Ask questions in the project's

Join the chat at https://gitter.im/snaptron/Lobby

User Guide

http://snaptron.cs.jhu.edu

Deployment

git clone https://github.com/ChristopherWilks/snaptron.git

NOTE: Avoid setting Snaptron up on a Lustre or NFS filesystem since Snaptron's reliance on SQLite may cause problems on those systems.

To setup an instance based on a particular compilation (srav1, srav2, gtex, tcga):

./deploy_snaptron.sh srav1

This process will take at least 10's of minutes and may go for an hour or more depending on your bandwidth, storage, and compute capacity.

It has to build all the dependencies, download all the source data, and create multiple indices.

For the largest of the compilations (srav2) the final data footprint will be ~75 gigabytes on disk. About 54 gigabytes of this is in the SQLite database which is created locally once the raw data has been downloaded from the Snaptron server. The data transfer is therefore ~20 gigabytes.

The PyLucene install in particular requires extensive dependencies and several minutes to build. Through it will display various errors and warnings. These are not critical as long as it ends with this output:

Finished processing dependencies for lucene==4.10.1

Enabling uncompressed Tabix

To enable the uncompressed version of the Tabix indices (faster than compressed), you must first download our modified version of [HTSlib 1.2.1] (http://snaptron.cs.jhu.edu/data/htslib-1.2.1_nocomp.tar.gz) source which sets the compression level to 0 (no compression).

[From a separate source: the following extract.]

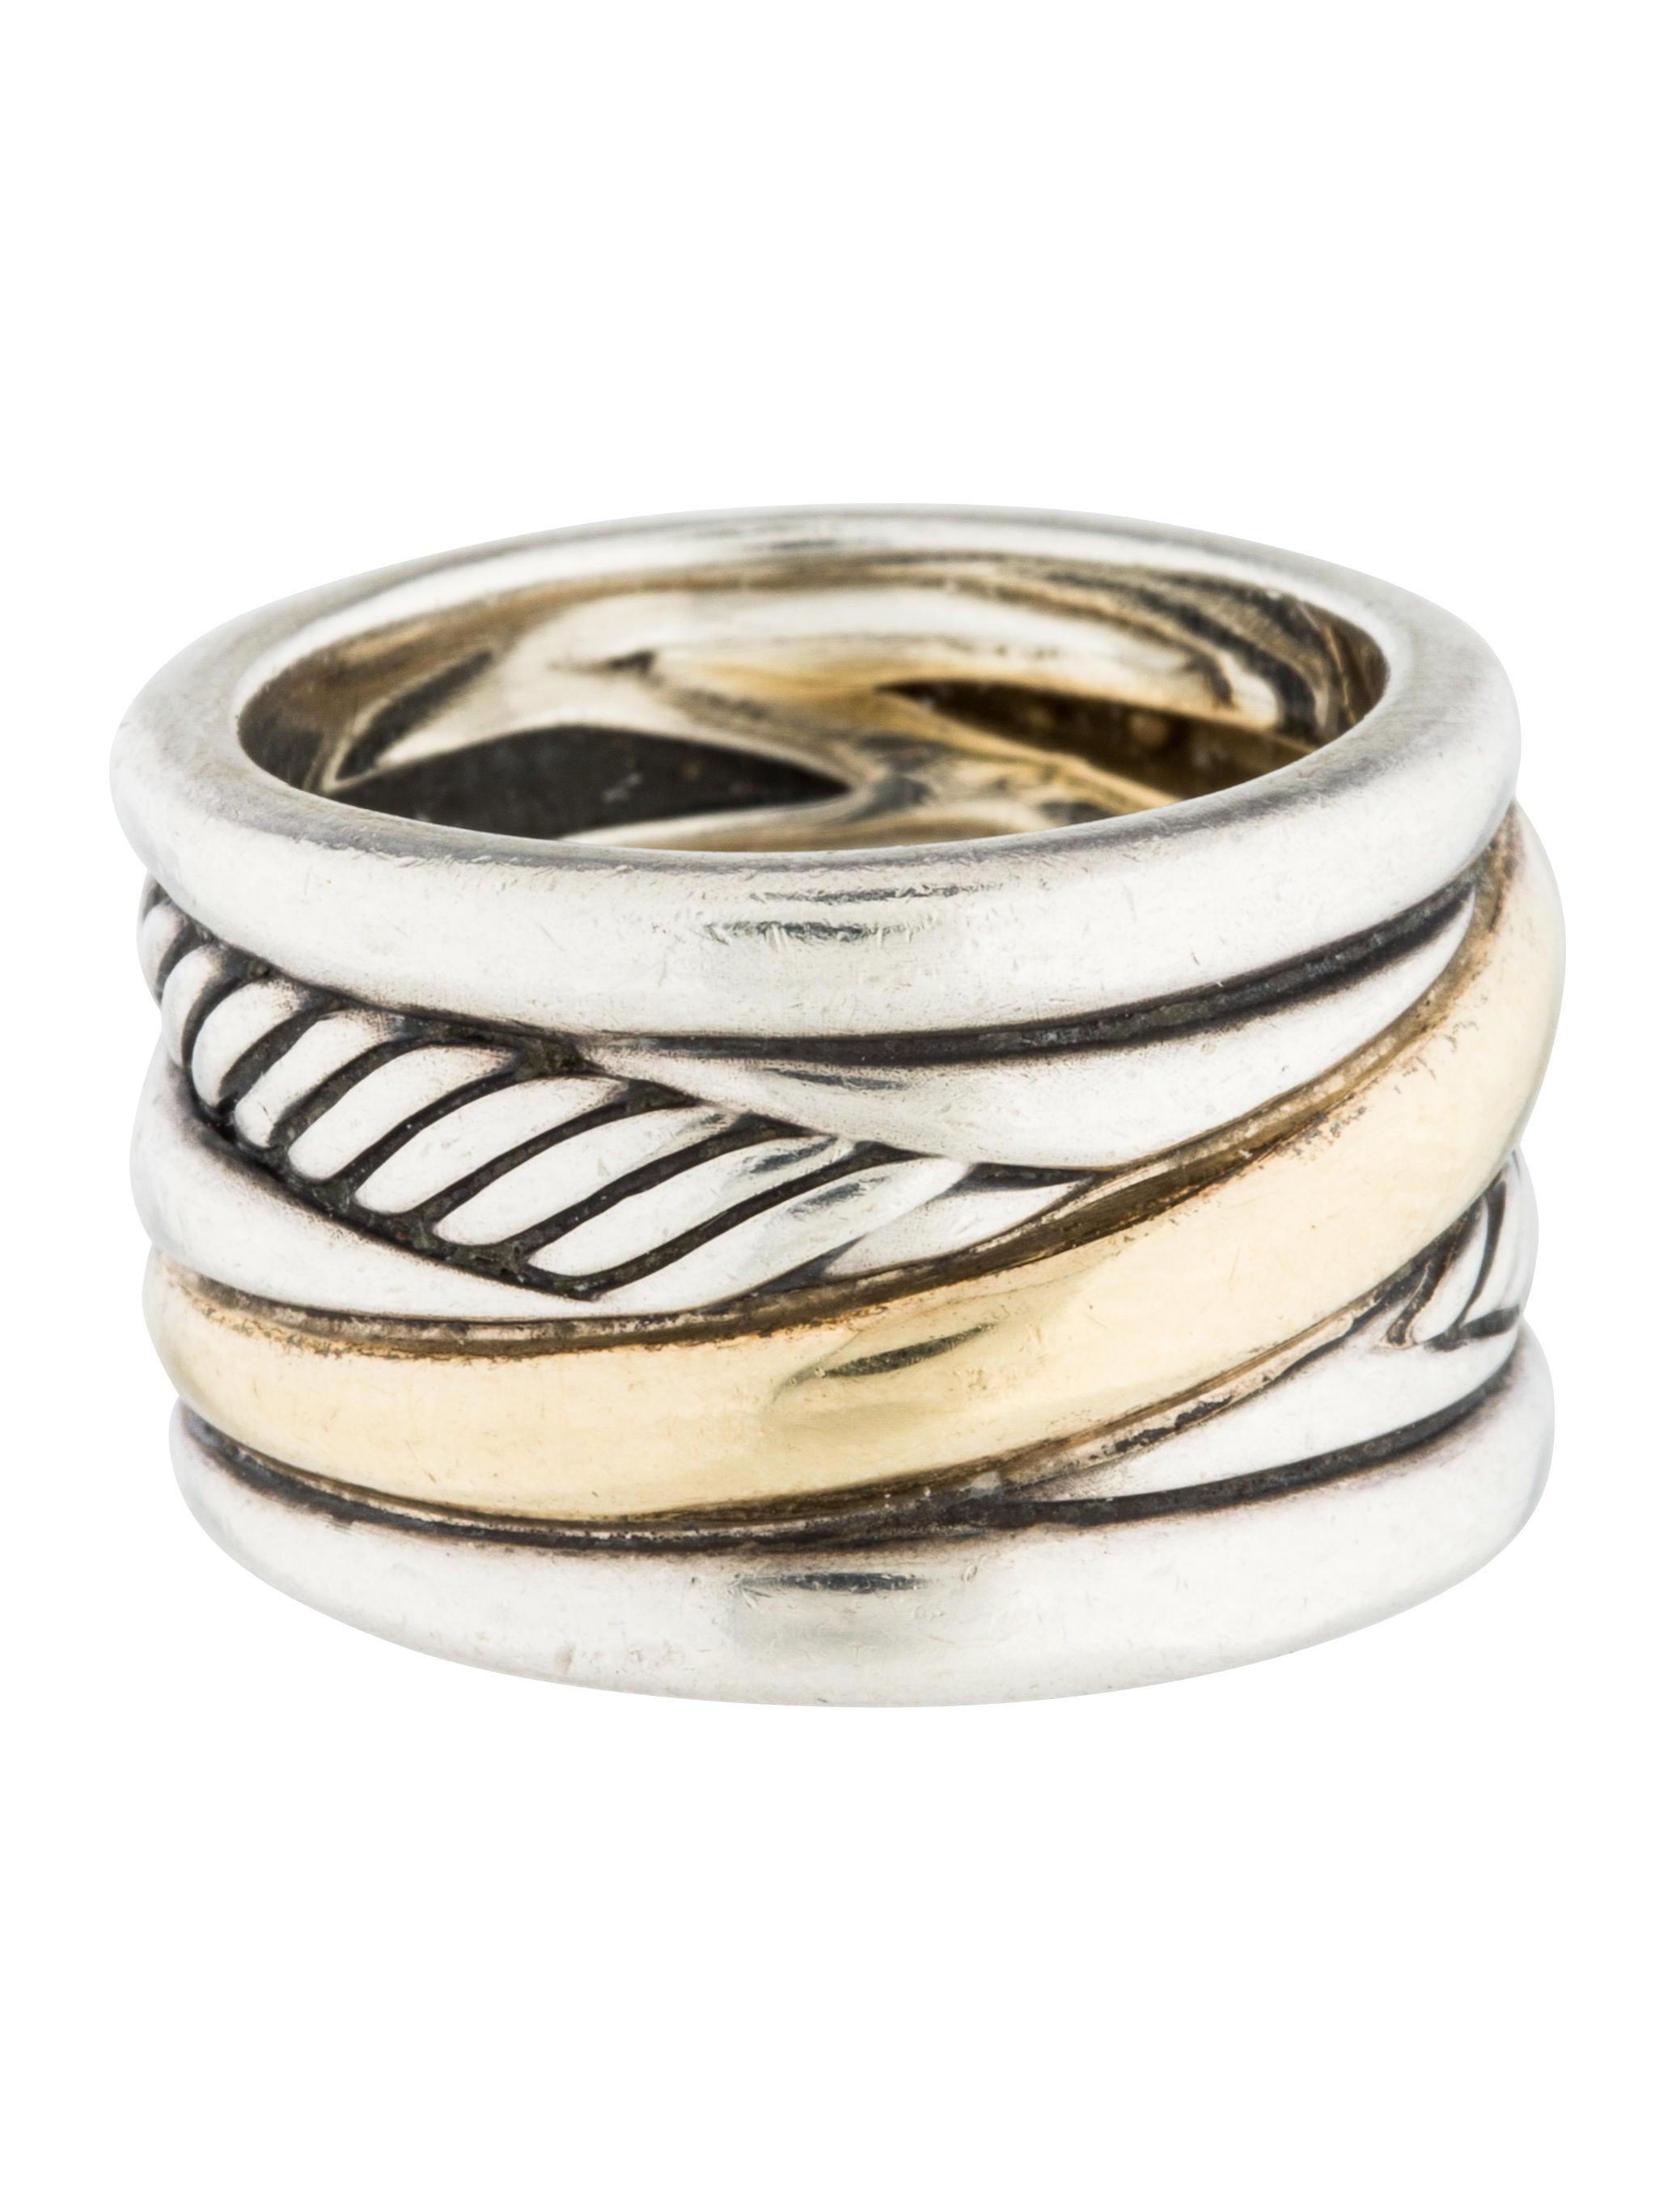 David yurman two tone cable ring rings dvy38852 the for David yurman inspired jewelry rings

You must build the source and make sure the resulting bgzip binary is before any other bgzip versions in your PATH.

Then run the above script with an additional argument:

./deploy_snaptron.sh srav1 1

Running the Snaptron server

within the snaptron working directory:

source python/bin/activate
python ./srav1_snaptron_server --no-daemon

The Snaptron server defaults to port 1555 on localhost.

Tests

Snaptron has both unit tests and system tests ("round trip testing"). These only work for the SRAv1 and SRAv2 compilations.

In a separate terminal in the Snaptron working directory run:

Unit Tests

source ./python/bin/activate
python ./test_snaptron.py

System Tests

These require the Snaptron server to be running.

./tests.sh 1

The system tests use file diffing to determine if the services are working correctly.